I pm: atteggiamento non veritiero o quantomeno reticente di
Mori e di «Ultimo» Il «pentito» Giuffrè: «Il boss teneva lì le
carte sui rapporti con persone esterne "vicine" alla mafia,
Bagarella voleva prenderle per evitare danni a questi
referenti. Ritengo che ora le abbia Matteo Messina Denaro»
ROMA - Il mistero che dura da 11 anni riprende la strada dell' archivio, ma senza soluzione.
Piuttosto con ulteriori dubbi e «gravi perplessità», accusa il pubblico ministero. La storia della
mancata perquisizione e della sorveglianza sospesa al covo di Totò Riina subito dopo la sua cattura,
lasciato sguarnito dai carabinieri del Ros a insaputa dei magistrati palermitani, resta un groviglio di
«inammissibili contraddizioni logiche», fatti che «non trovano alcuna plausibile spiegazione»,
«inspiegabili condotte». Di fronte all' impossibilità di provare che i responsabili dell' operazione
avessero non solo la consapevolezza, ma anche la volontà di «agevolare obiettivamente gli uomini
di Cosa Nostra», la Procura di Palermo ha nuovamente chiesto l' archiviazione dell' inchiesta. Quelli
dei due carabinieri indagati per favoreggiamento sono nomi importanti nella storia della lotta alla
mafia: il generale Mario Mori - ex capo del Ros, oggi prefetto e direttore del Sisde - e l' ex capitano
Ultimo, oggi tenente colonnello in servizio al Nucleo operativo ecologico dell' Arma, l' uomo che
materialmente catturò Riina la mattina del 15 gennaio 1993 in una strada di Palermo. Il capo della
mafia, latitante da trent' anni, da pochi minuti era uscito dalla sua abitazione, in un residence di via
Bernini. Ma la casa non fu perquisita; secondo gli accordi presi con la Procura ricostruiti dall'
indagine, i carabinieri del Ros dovevano sorvegliarla per intercettare eventuali «uomini d' onore»

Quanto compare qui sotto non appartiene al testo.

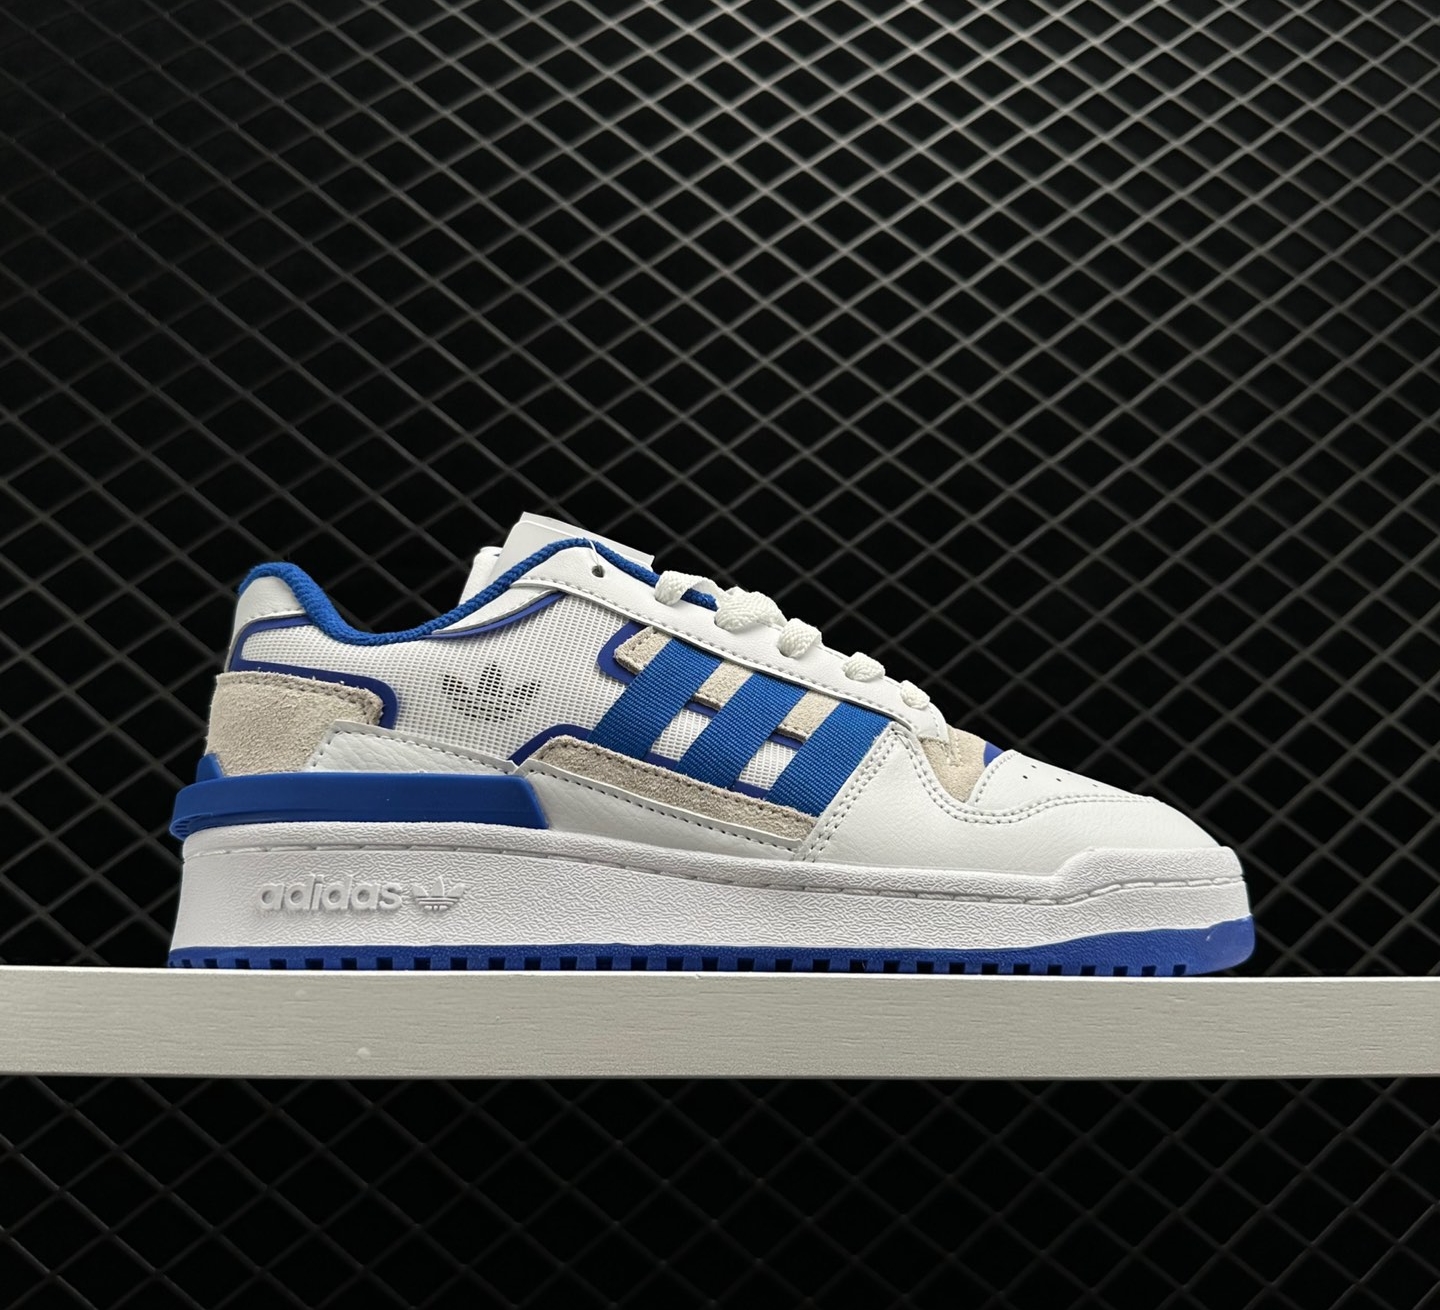 Adidas Originals Forum Exhibit Low 2 Blue White - Iconic Streetwear Classics

che fossero andati a prelevare la famiglia di Riina. Due settimane dopo, però, la stessa Procura
scoprì che quella «sorveglianza a distanza» non c' era mai stata. Solo «un grosso equivoco nato
dalla concitazione di quei giorni», ha spiegato Ultimo ai magistrati; «tutt' al più una dimenticanza,
non certo un' omissione dolosa da parte nostra», ha confermato Mori. Giustificazioni che il pm di
Palermo Antonio Ingroia definisce «poco convincenti». Ma nelle 15 pagine inviate al giudice delle
indagini preliminari (che nel 2002 aveva respinto una prima richiesta di archiviazione, ordinando
altri accertamenti) e consegnate dal procuratore Grasso alla commissione parlamentare antimafia, c'
è di più. Per esempio, scrive il pm, «elementi indiziari più che sufficienti per ritenere provato che
gli ufficiali del Ros e segnatamente il tenente colonnello, con l' avallo del generale Mori, lasciarono
intenzionalmente credere ai magistrati e agli altri ufficiali dell' Arma una circostanza non
rispondente al vero e cioè che l' attività di osservazione (del covo, ndr) sarebbe proseguita senza
soluzione di continuità fin tanto che la perquisizione non sarebbe stata eseguita». Una bugia
intenzionale, affermano gli inquirenti, intorno alla quale ruota l' intera vicenda che in passato ha
prodotto duri contrasti tra il Ros e la Procura palermitana. Alla base c' è un appunto dell' allora
procuratore aggiunto Aliquò, che fissando i fatti del 15 gennaio ' 93 scrisse: «Durante il pranzo,
Ultimo (...) dice che contava di vedere chi sarebbe venuto a prelevare i familiari di Riina. Intervento
di Mori. (...) Garanzia di controllo assoluto e costante». Parole piuttosto precise, che Ultimo ha di
fatto smentito nel suo interrogatorio: «Io non specificai se l' attività di osservazione sul complesso
di via Bernini sarebbe o meno proseguita nei giorni successivi... Io non volevo fare sorveglianza...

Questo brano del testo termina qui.